- **Source material**
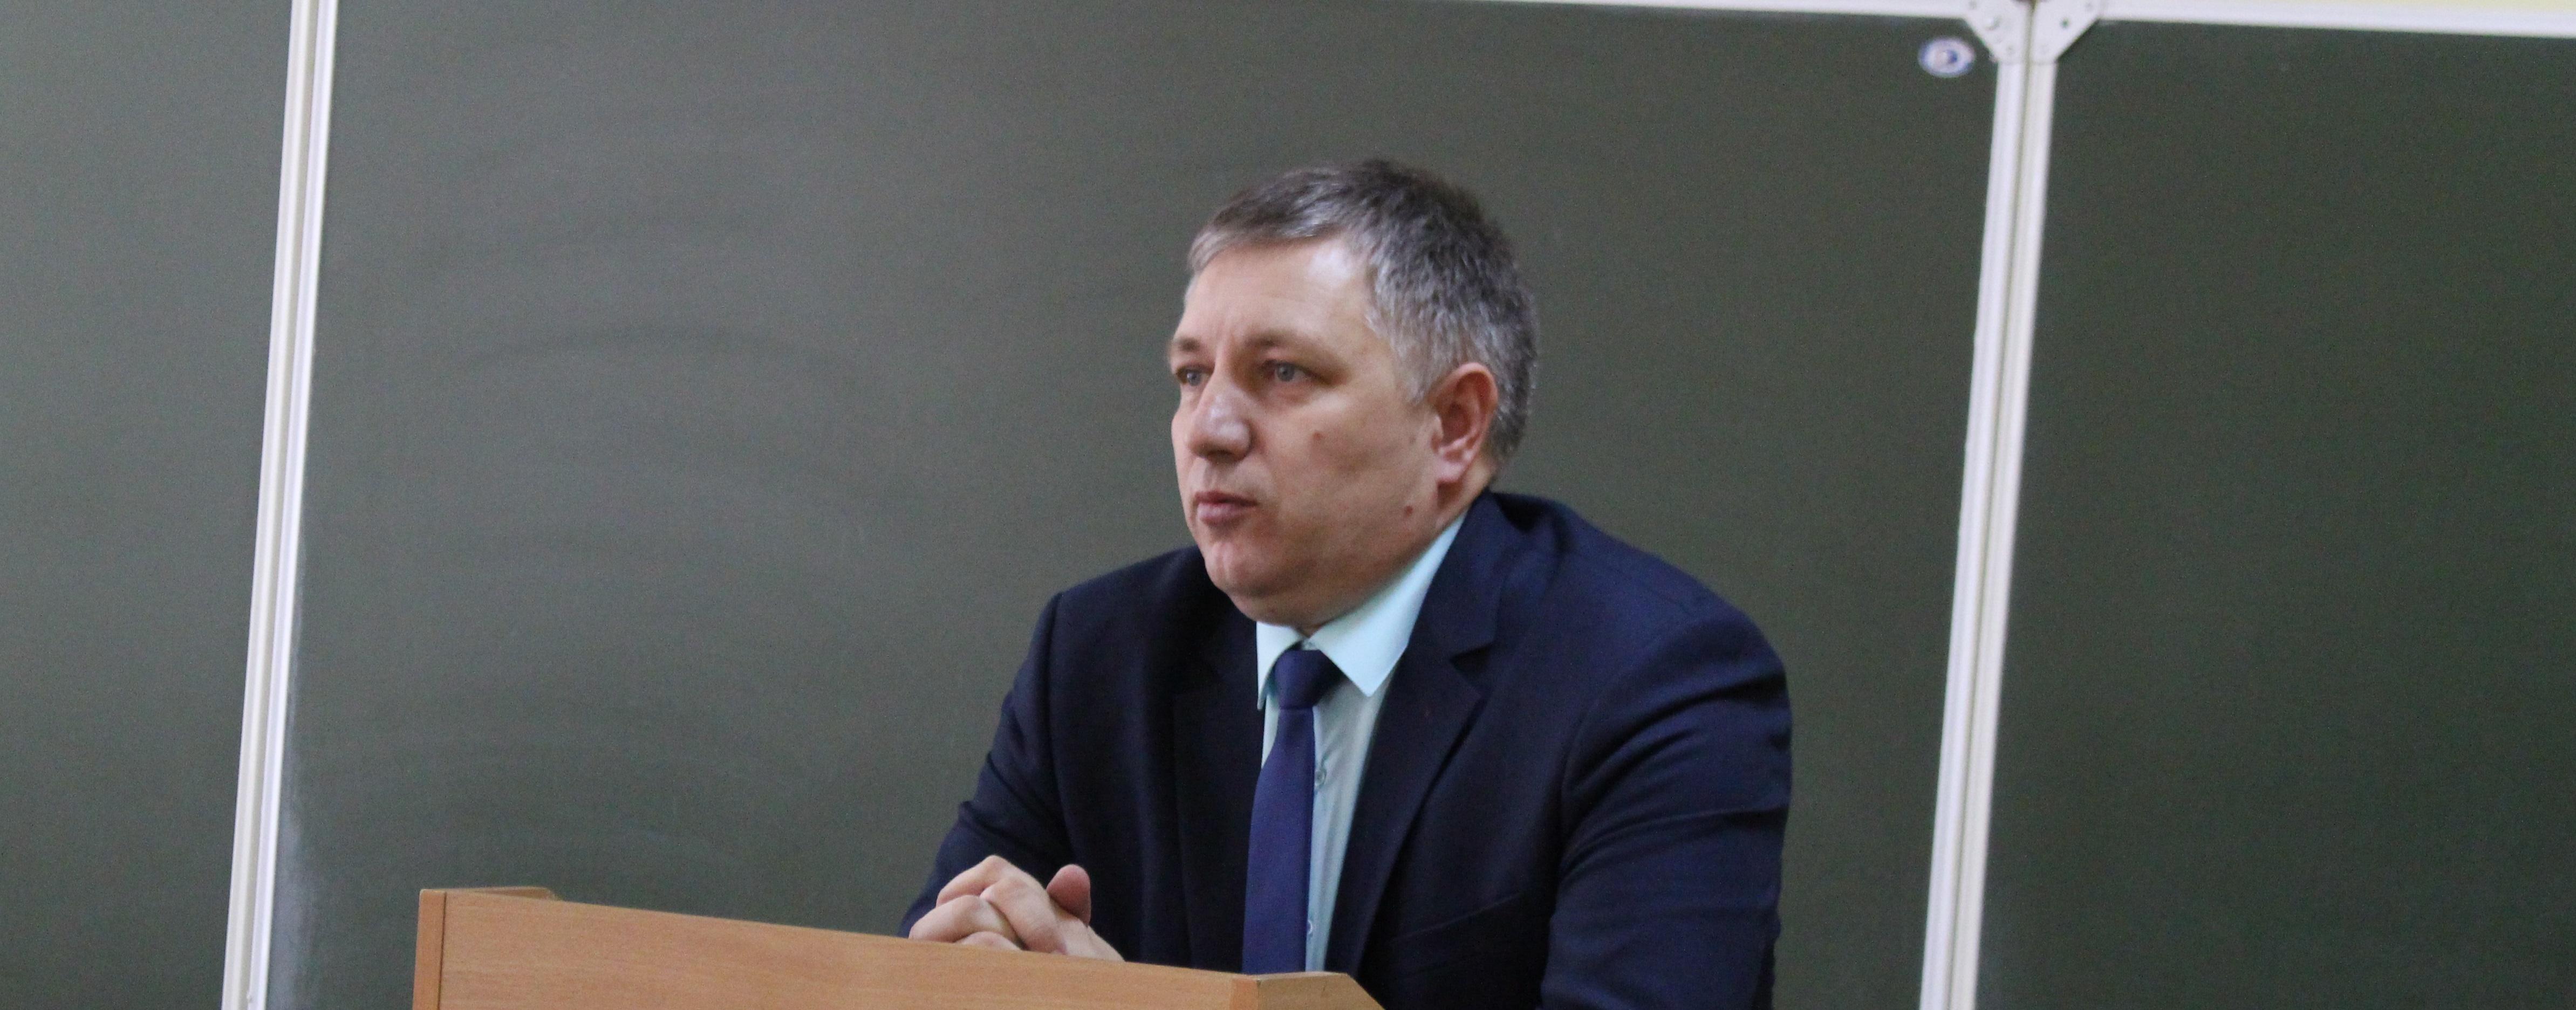 встреча студентов 5 курса с заместителем начальника Управления МВД России по г. Челябинску
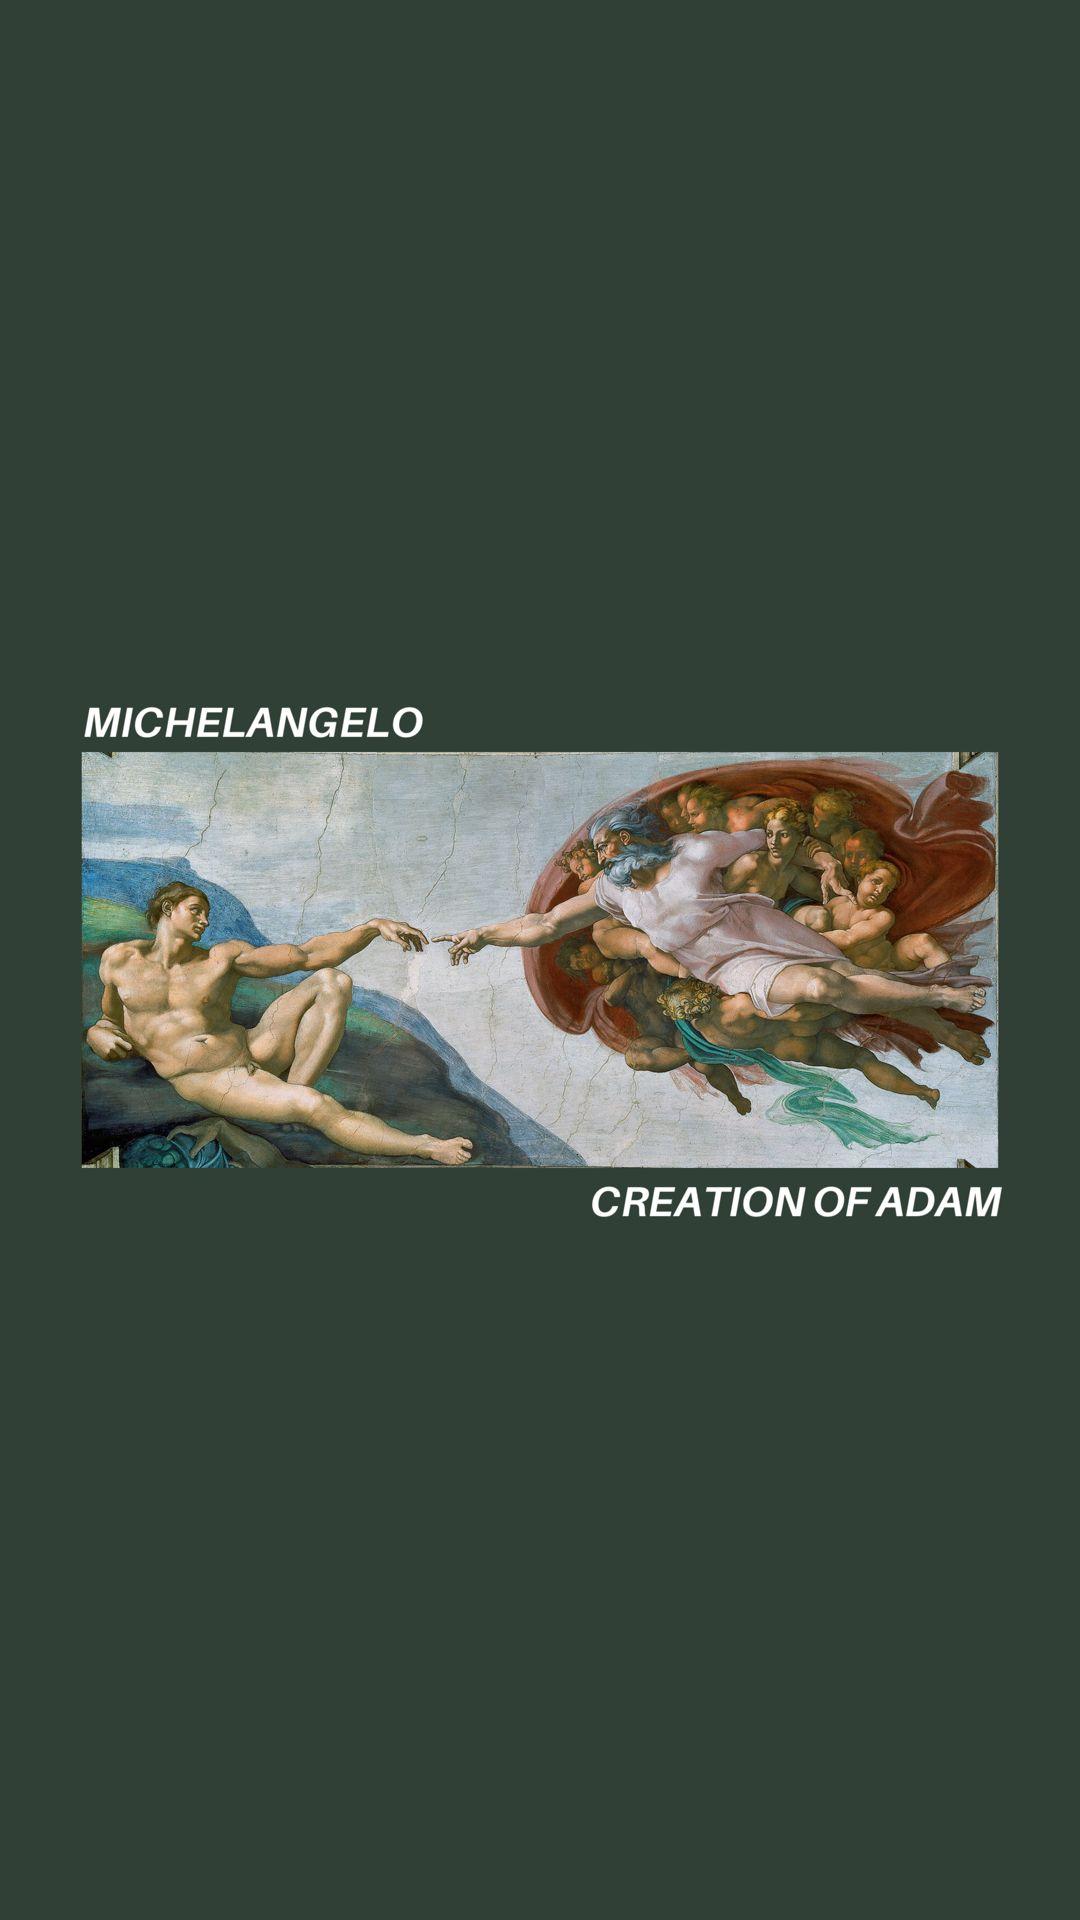 Michelangelo wallpaper art hoe aesthetic tumblr iPhone
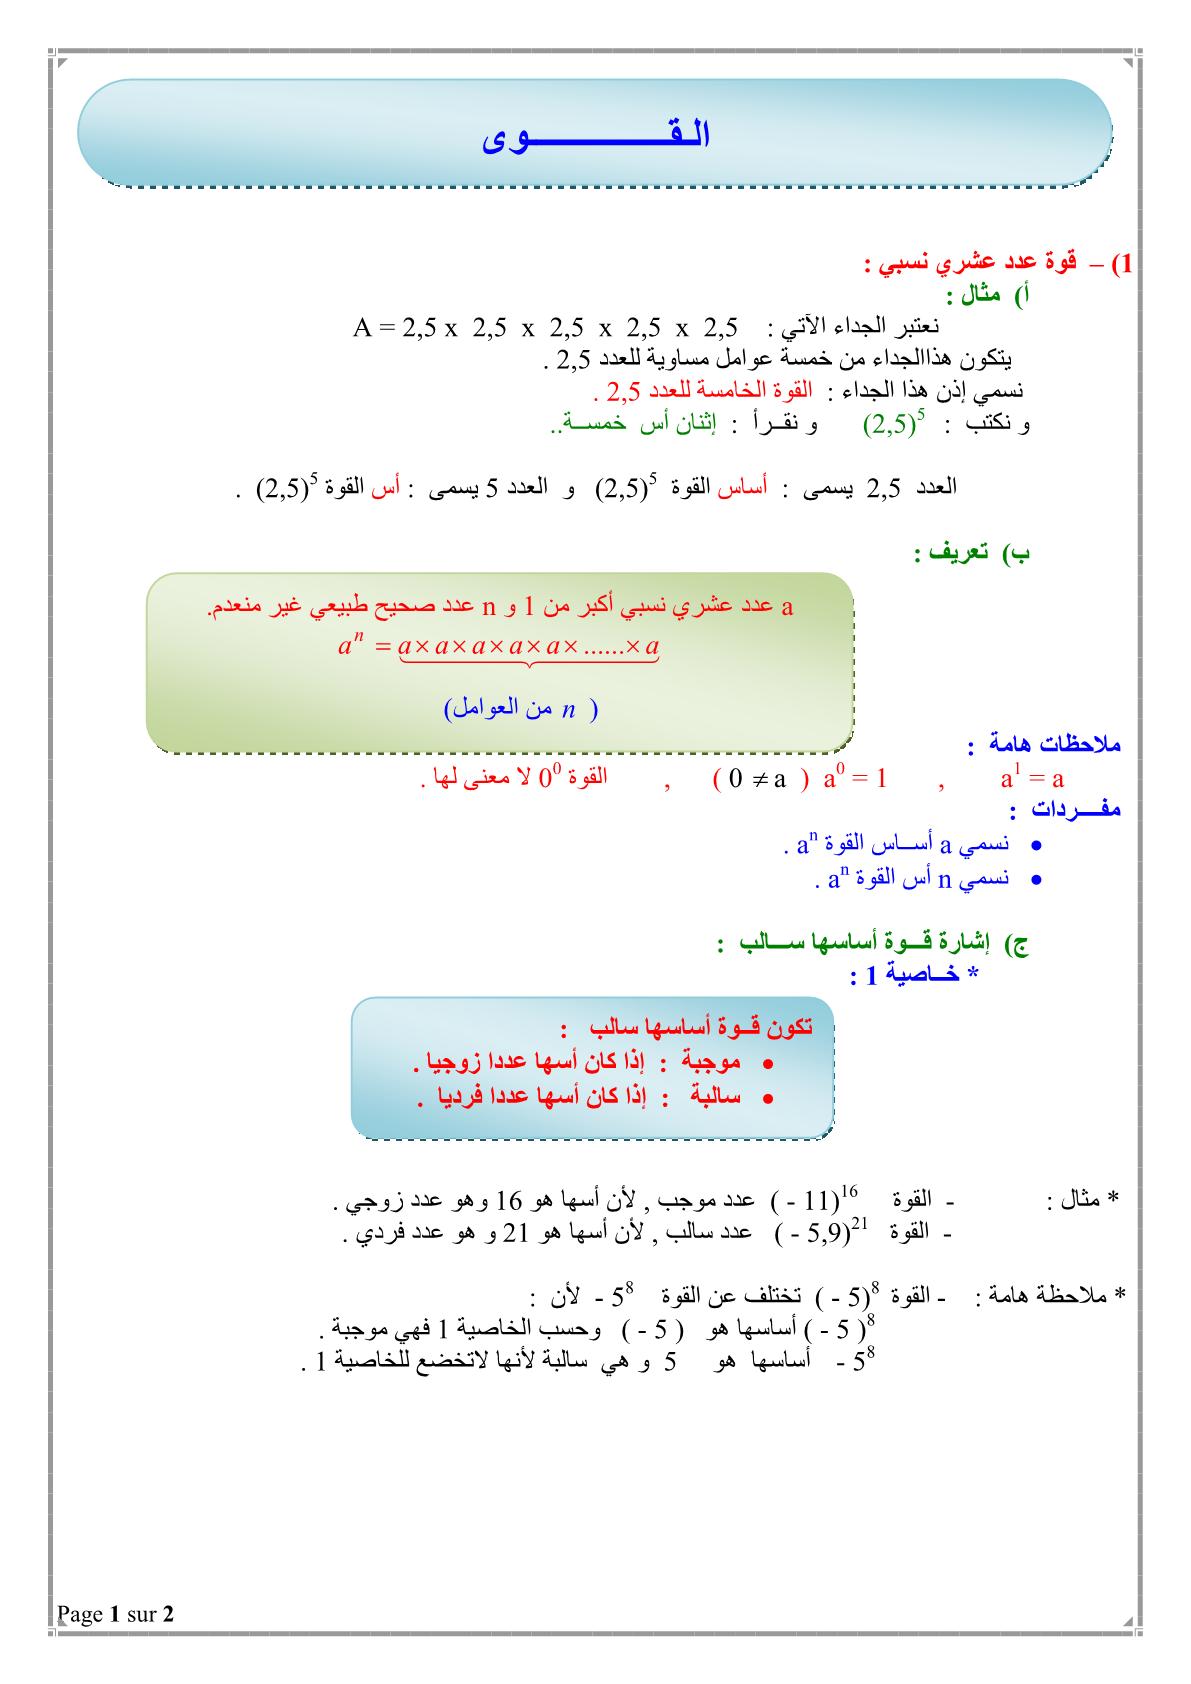 درس القوى في مادة الرياضيات للمستوى الأولى إعدادي

- **Problem to solve**
Repeat all of the listing above word for word, and exclude the pictures.

- **Written answer**
 встреча студентов 5 курса с заместителем начальника Управления МВД России по г. Челябинску
 Michelangelo wallpaper art hoe aesthetic tumblr iPhone
 درس القوى في مادة الرياضيات للمستوى الأولى إعدادي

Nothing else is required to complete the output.